Review of Call Me by Your Name (2017) by Le W — 30 Dec 2017
Not to be a contrarian, but Call Me By Your Name is a marvelous performance by Timothee Chalamet, trapped in a mediocre literary adaptation of a great novel, by a great director who keeps firing blanks and a screen writer, who should have known better than remove the most important message of the source material.
Let me explain. Chalamet is simply mesmerizing - when he is on screen, the movie sparkles with incredible authenticity. The same cannot be said about Armie Hammer - he is largely wooden and uncomfortable, with an expressed ambiguity of a, well, hammer.
This is the third movie by Luca Gudagnino in wide release and it simply does not live up to the promise of Io Sono Amore (I Am Love), though it is clearly better than the misguided A Bigger Splash. I am a big fan of erratic geniuses (still waiting for a great masterpiece from Allen and Mallick), but in this instance, the editing, self indulgence and simply terrible music (much of it committed by the otherwise note-worthy Suffjan Stevens) make me think that Luca is loosing the plot.
Never mind, it will be a boffo box office, couple of Oscars and all, as it is a (straight) crowd pleaser. The biggest offender, though, is the unassailable James Ivory, whose script makes a curious choice.
It cleaves off the most important part of the Andre Aciman's novel - its final coda. In the movie, we are led to believe that the final contact between the lovers was the telephone call from Oliver, announcing his engagement (to a woman).
So there you have it: it was just a phase for Oliver and merely a summer infatuation for Ellio. Clean, non-threathening ending for the general population. The novel is much more nuanced. They meet again, some years later.

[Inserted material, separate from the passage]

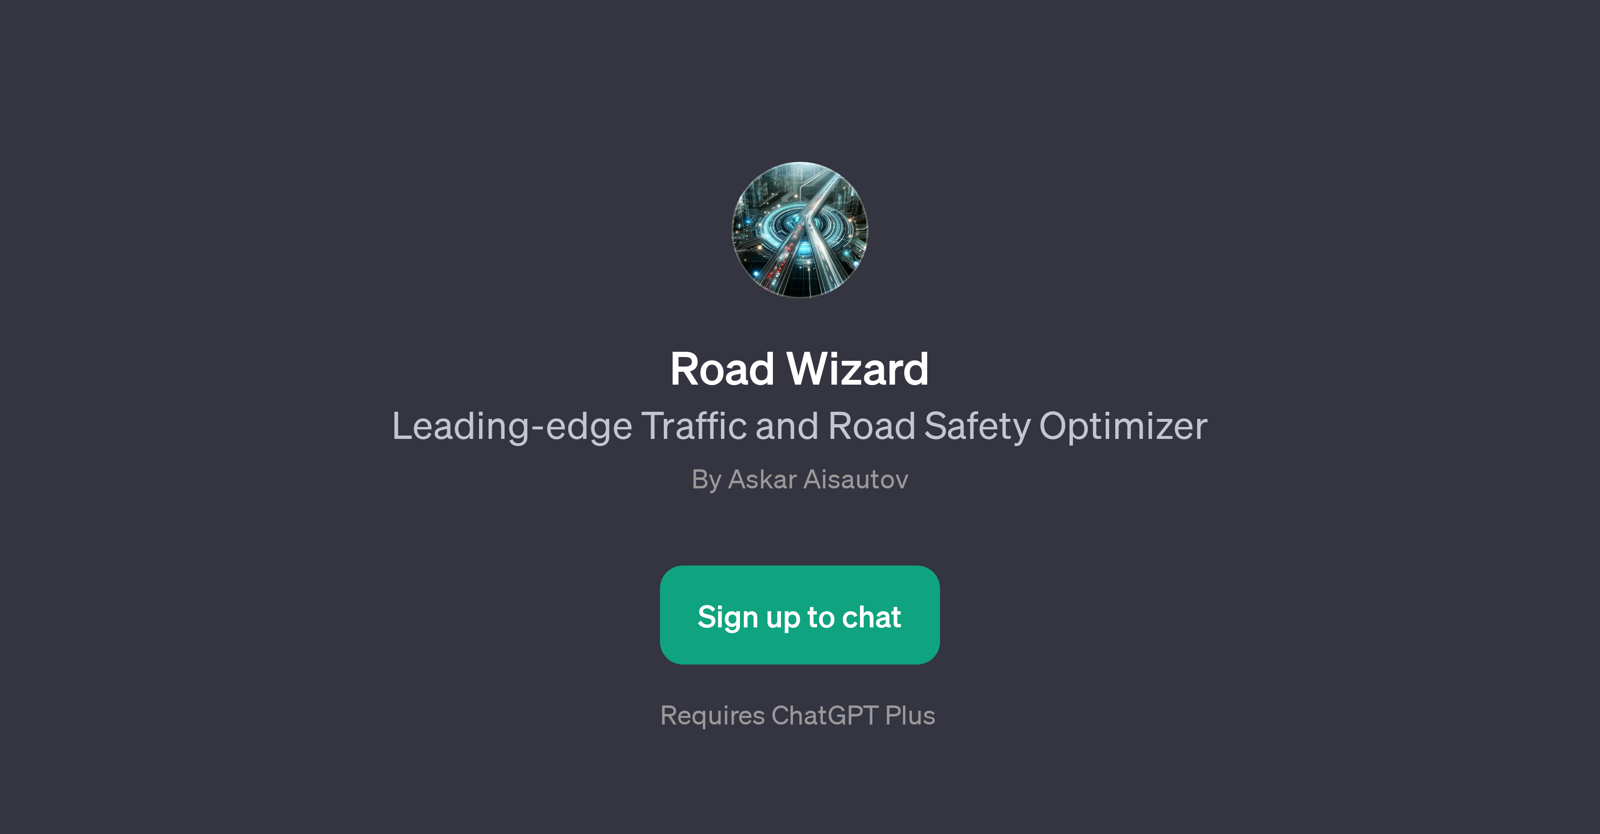 Road Wizard website

They have kept tabs on each other, if somewhat surreptitiously. But their encounter reveals the true message of the novel: Ellio is a fully realized, if lonely, man. He knows what love is all about. Oliver, on the other hand, is the lost soul.
He has a family and a career, but his life is empty, because his heart stopped beating when he chose mainstream respectability over love that (to this day) does not dare to speak its name very loudly.
.. In Ivory's world, Oliver is the conformist Clive to Ellio's brave Maurice from that eponymous Merchant/Ivory outing. It's a shame a great story got sacrificed yet again to the god of Mammon.
Regardless, everybody is tripping over themselves in adoring this film, so I don't expect many to pay attention to these issues. Maybe just the thinking ones.
This review of Call Me by Your Name (2017) was written by Le W on 30 Dec 2017.
Call Me by Your Name has generally received very positive reviews.